▸ Task directions:
In the listing below, start your output at the line with "Tropical Beach Scene" and end it after the line with "Badlands Nationaal Park Panorma", copying every line exactly.

▸ Provided data:
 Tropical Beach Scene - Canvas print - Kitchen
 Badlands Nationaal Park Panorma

==

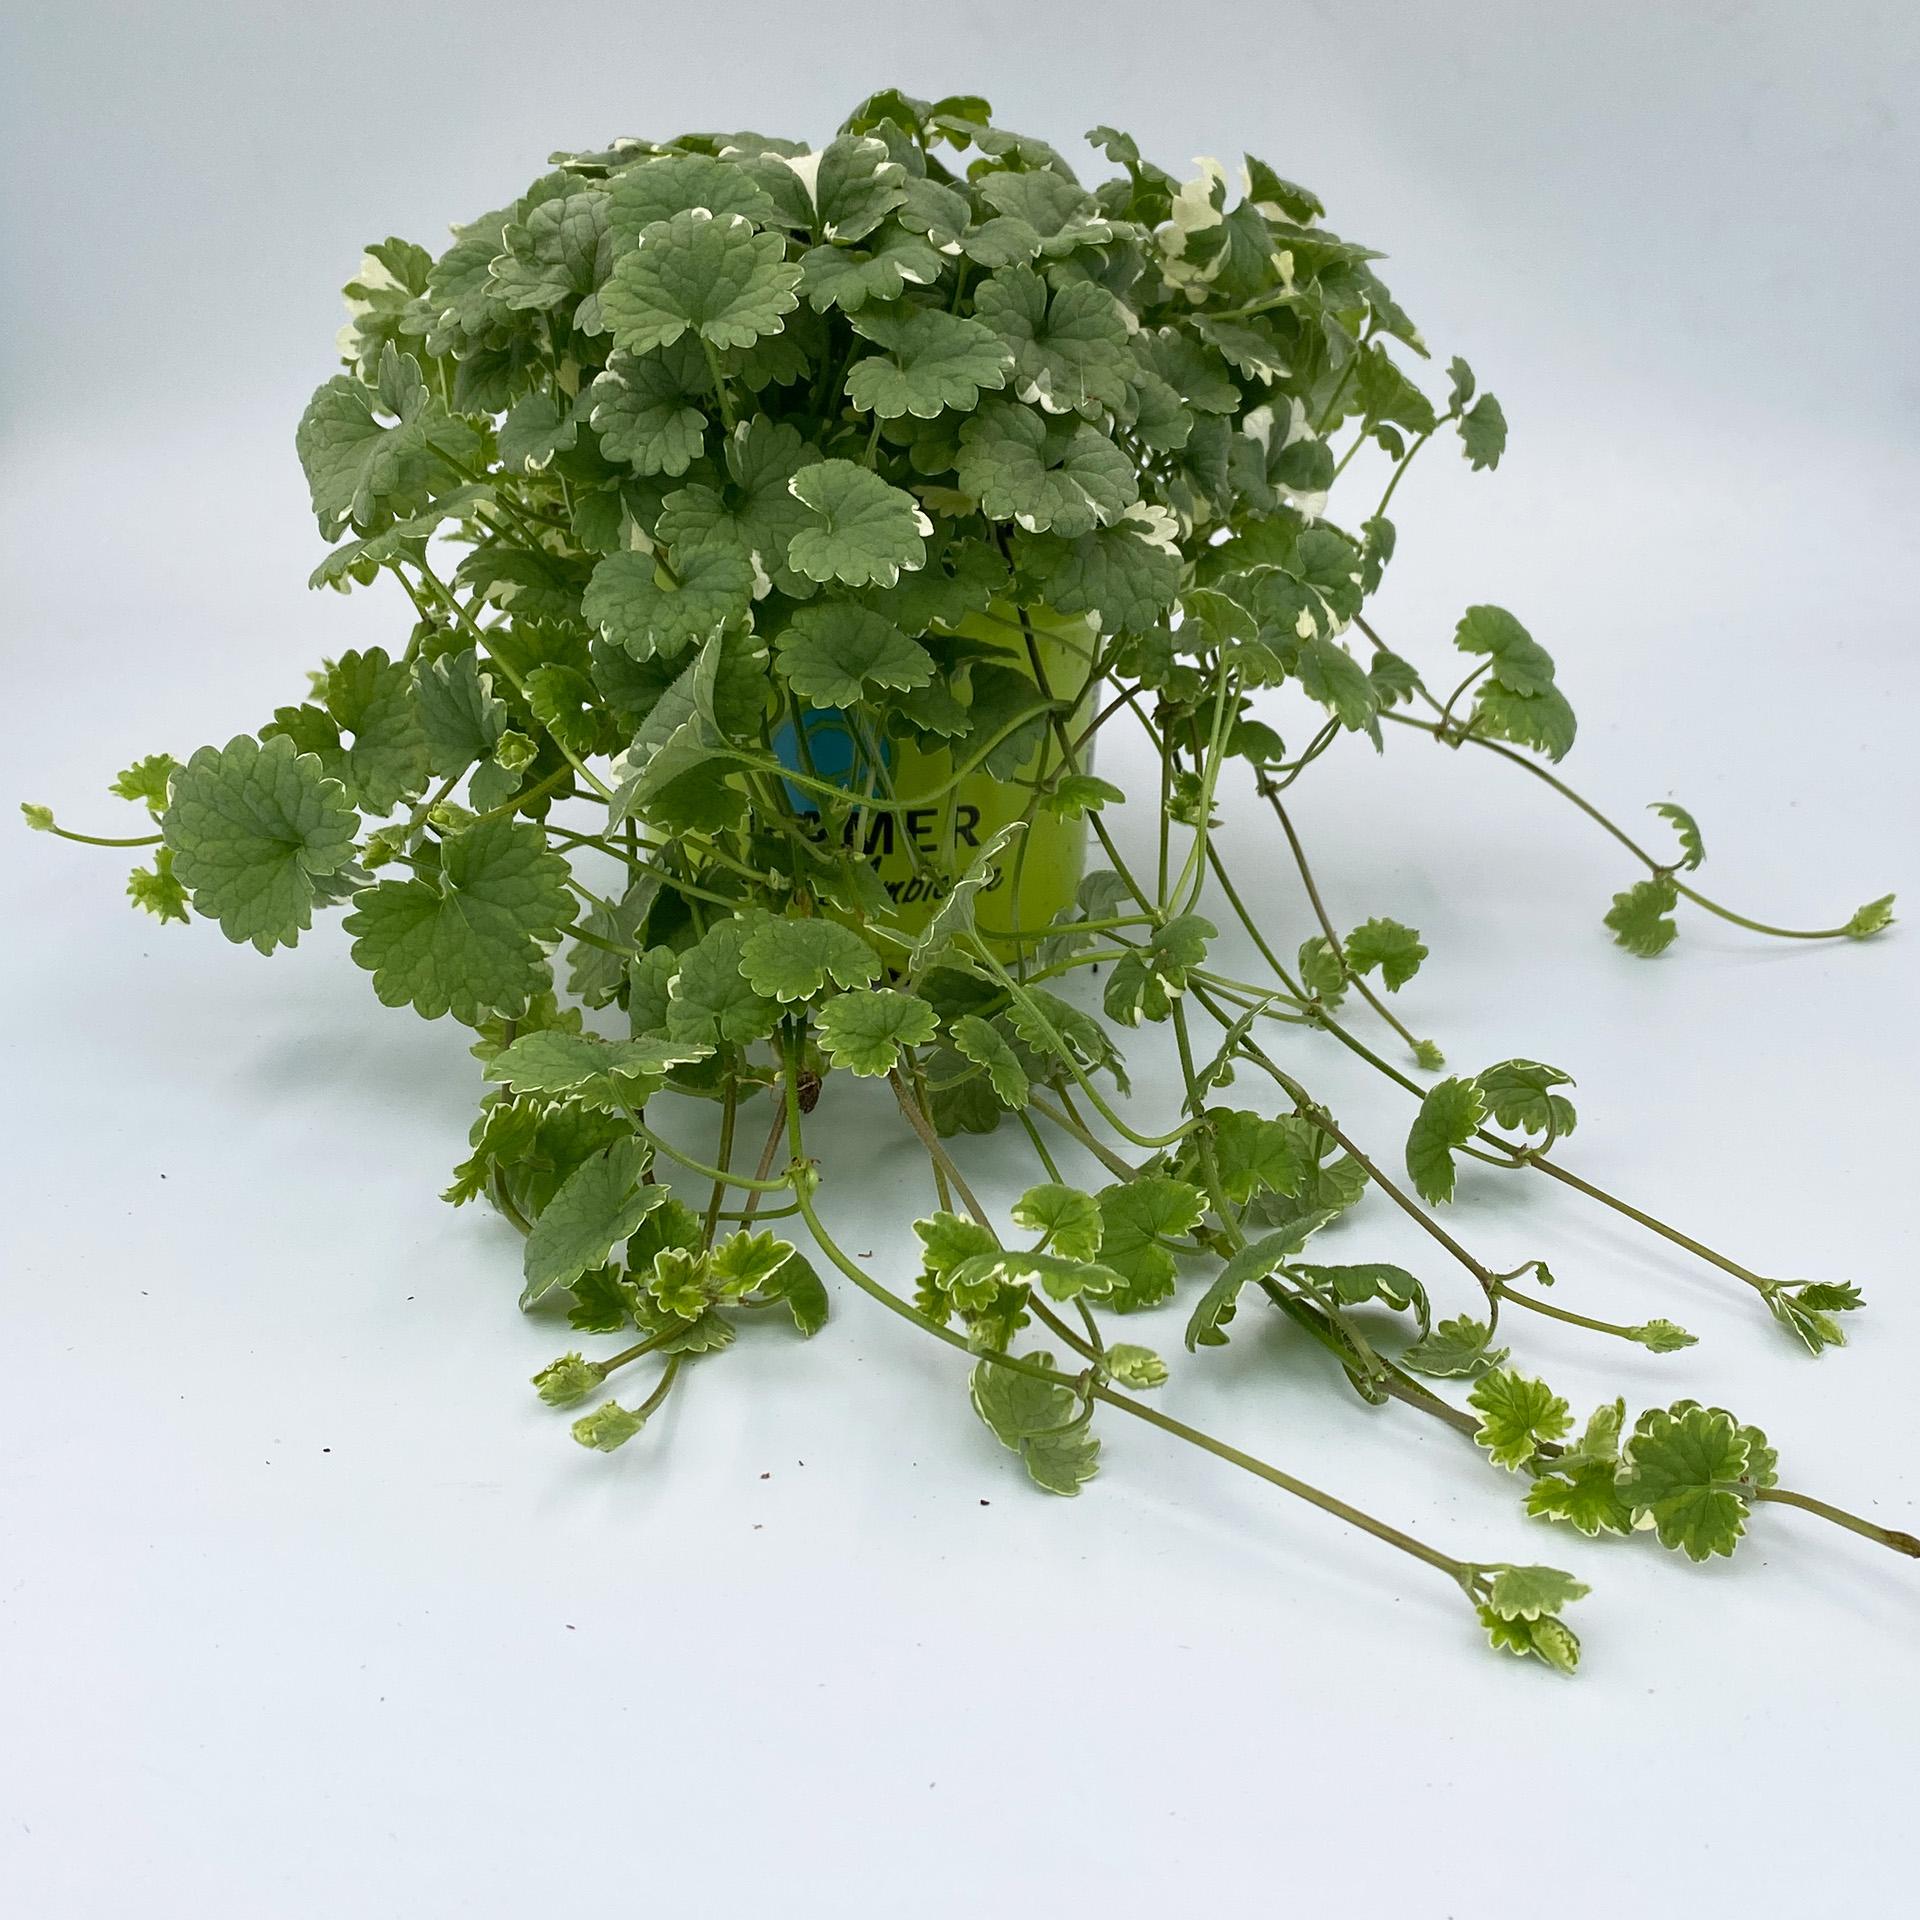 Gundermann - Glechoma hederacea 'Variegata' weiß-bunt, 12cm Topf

▸ Result of this task:
 Tropical Beach Scene - Canvas print - Kitchen
 Badlands Nationaal Park Panorma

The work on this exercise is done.